Avista Energy, the company's energy trading subsidiary, has captured earnings opportunities in the California and western regional marketplace. Avista Utilities also helped to mitigate expected losses after obtaining an accounting order from the State of Washington that allows it to defer excess purchased power costs incurred through mid-2001.

"Avista Energy has done an outstanding job of capturing earnings opportunities in the rapidly changing California and western regional marketplace," said CEO T.M. "Tom" Matthews. "In the utility, we are preparing to comply with a ruling ordering us to file a new rate case focused on a more permanent treatment of purchased power costs."
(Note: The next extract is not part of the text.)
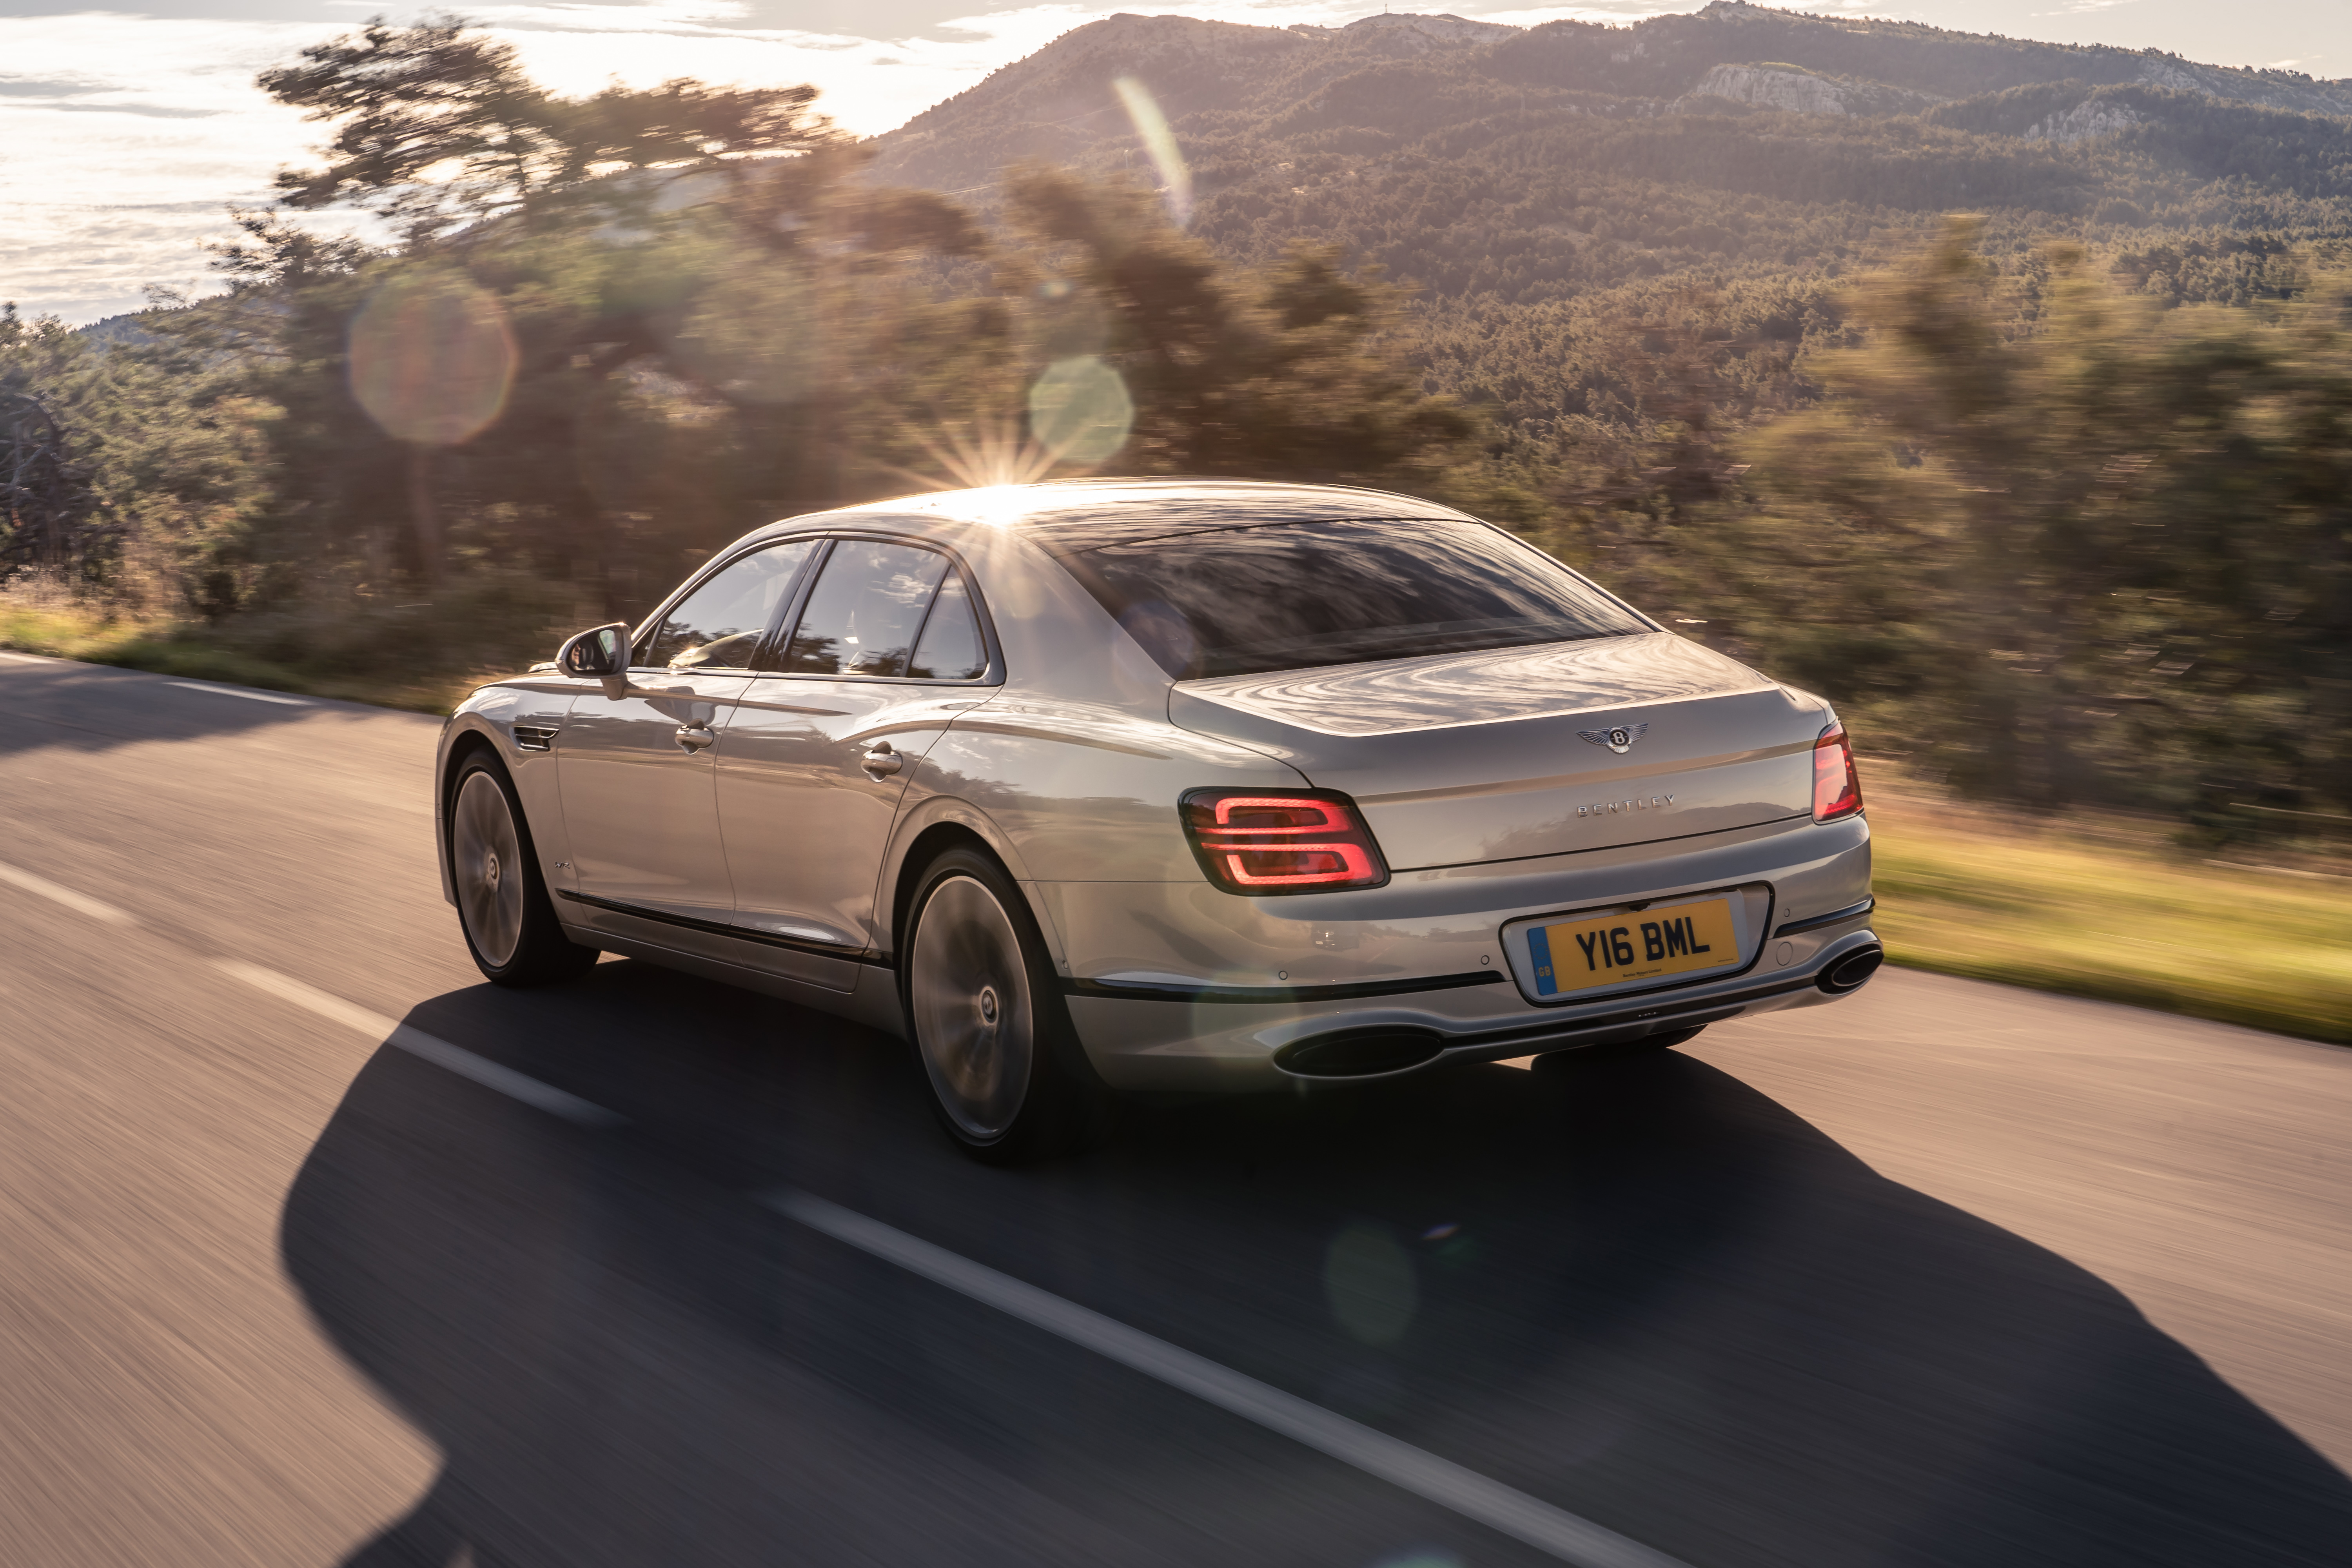 Free photo 2020 Bentley Flying Spur silver color rear view
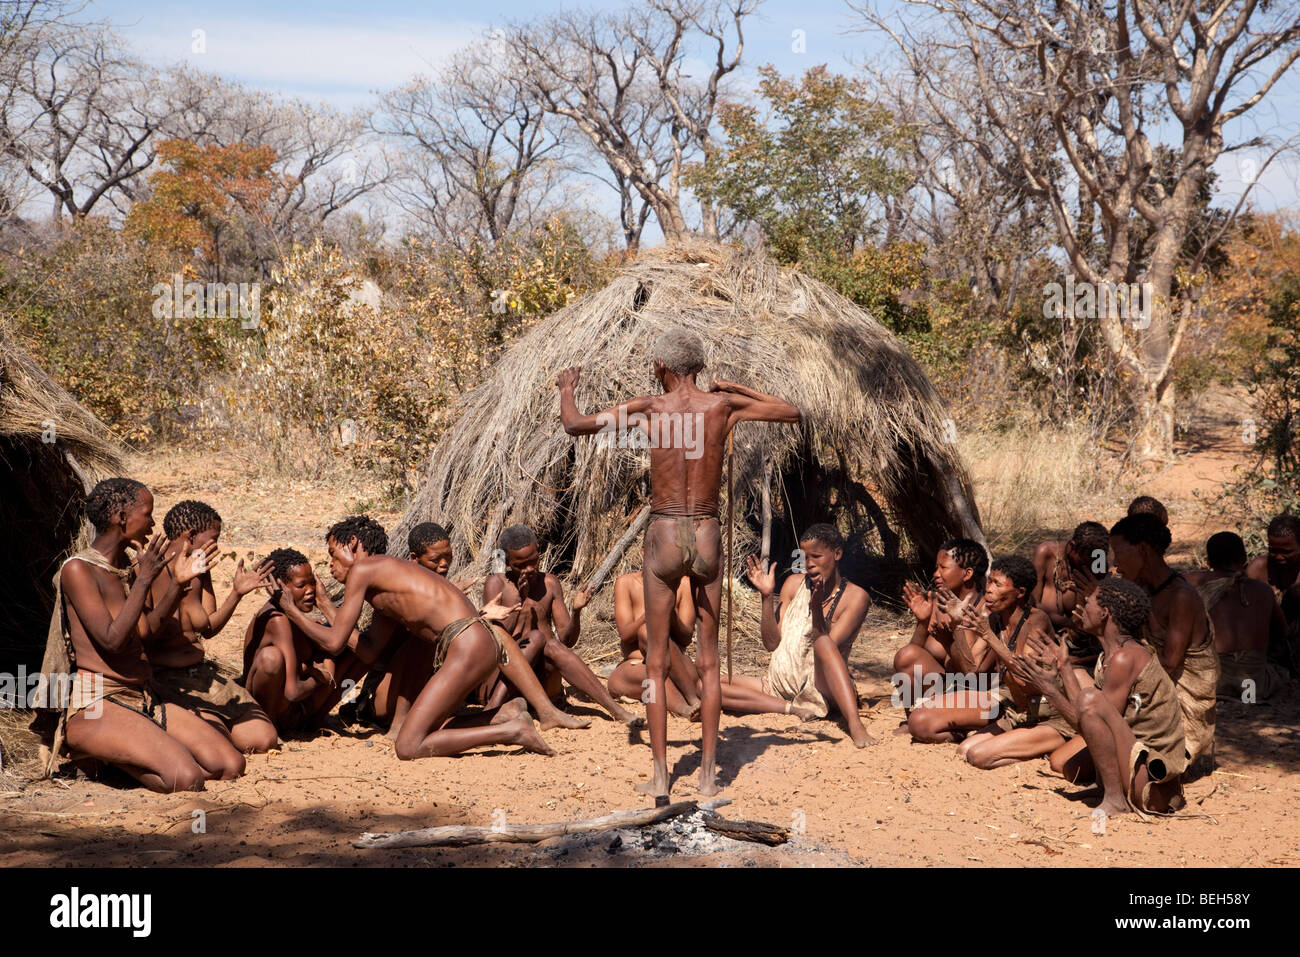 San village in Namiba on the edge of the Kalahari desert. The farewell dance, a hunter prepares to go out into the bush to hunt Stock Photo

Also anticipating a rosy third quarter report, CMS Energy said Friday that it expects its earnings to jump between 10% and 15% higher than its previous estimate of 40 cents per share in sustainable earnings, all related to "favorable power transactions and cost reductions."

Company officials said that the earnings give CMS more confidence in its 2000 estimates, which remain unchanged at $2.50 a share. The guidance assumes recovery this year of a 5% residential electric rate reduction, which, if not allowed, would reduce earnings by 18 cents a share. Final accounting guidance is expected when the Michigan Public Service Commission issues its securitization financing order on Oct. 24.